In Mannheim Hbf hat man die RN-S6 und -S9 ab 12/2025 durchgebunden.
An anderer Stelle haben wir die Durchbindung des RE60 aus Frankfurt/Darmstadt in Mannheim andiskutiert. Endstation wäre dann der "verwaiste" Hbf in Ludwigshafen. M.E. sind die Durchbindungen einen einfache Lösung, wenn es zeitlich möglich ist.

Mir machen drei BEMUs und ein Regiolis und eine S3 pro Stunde mehr Kummer im Hbf Karlsruhe.
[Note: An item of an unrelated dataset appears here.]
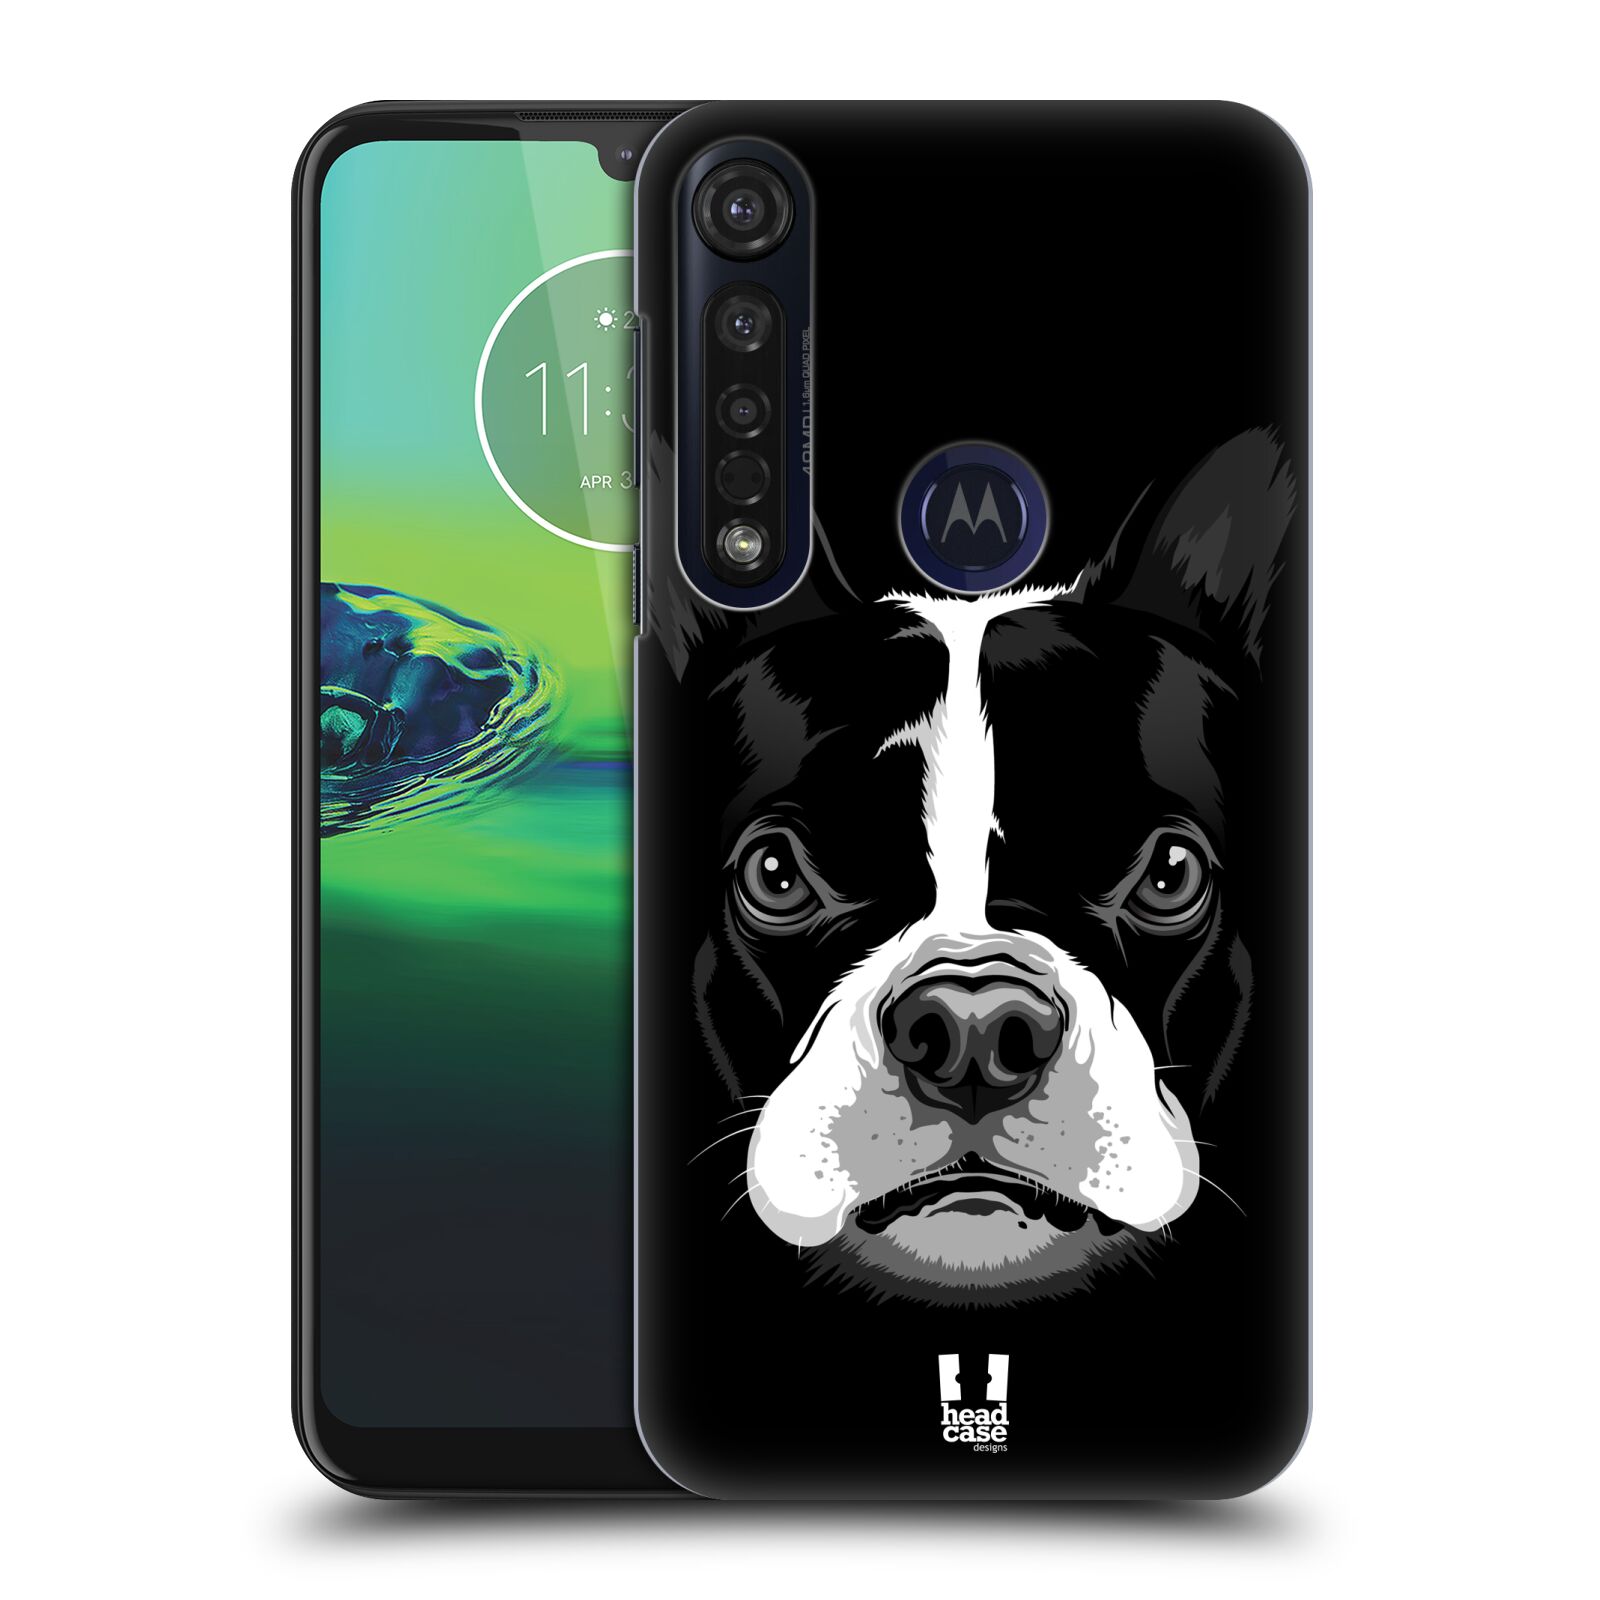 Pouzdro na mobil Motorola Moto G8 PLUS - HEAD CASE - vzor Zvíře kreslená tvář 2 buldok

Mit dem RN-S-Bahn-Linientausch kann man keine dieser Bahnen durchbinden.
Der Unterschied zwischen den RE 60 nach Ludwigshafen und der Verknüpfung S6/S9 hat ein entscheidenden Unterschied. Der Verkehrsvertrag vom RE 60 (Main-Neckar-Ried) hat keine Pfälzer Beteiligung, während bei der S6/S9 es in einem Verkehrsvertrag (S-Bahn Rhein-Neckar Los 2) betrieben wird. Zudem werden beide endenden Linien (S6 stündlich aus Mainz und S9 stündlich aus Karlsruhe/Graben-Neudorf) miteinander verknüpft.
Die Fahrten der anderen Stunde gehen auch über Mannheim hinaus, die S5 von Mainz nach Bensheim (wie ein U) und die S9 von Karlsruhe nach Groß-Rohrheim.
Ähnlich wie bei der RE 45 (aus Heilbronn) und RB 44 (aus Achern) in Karlsruhe ab Dezember.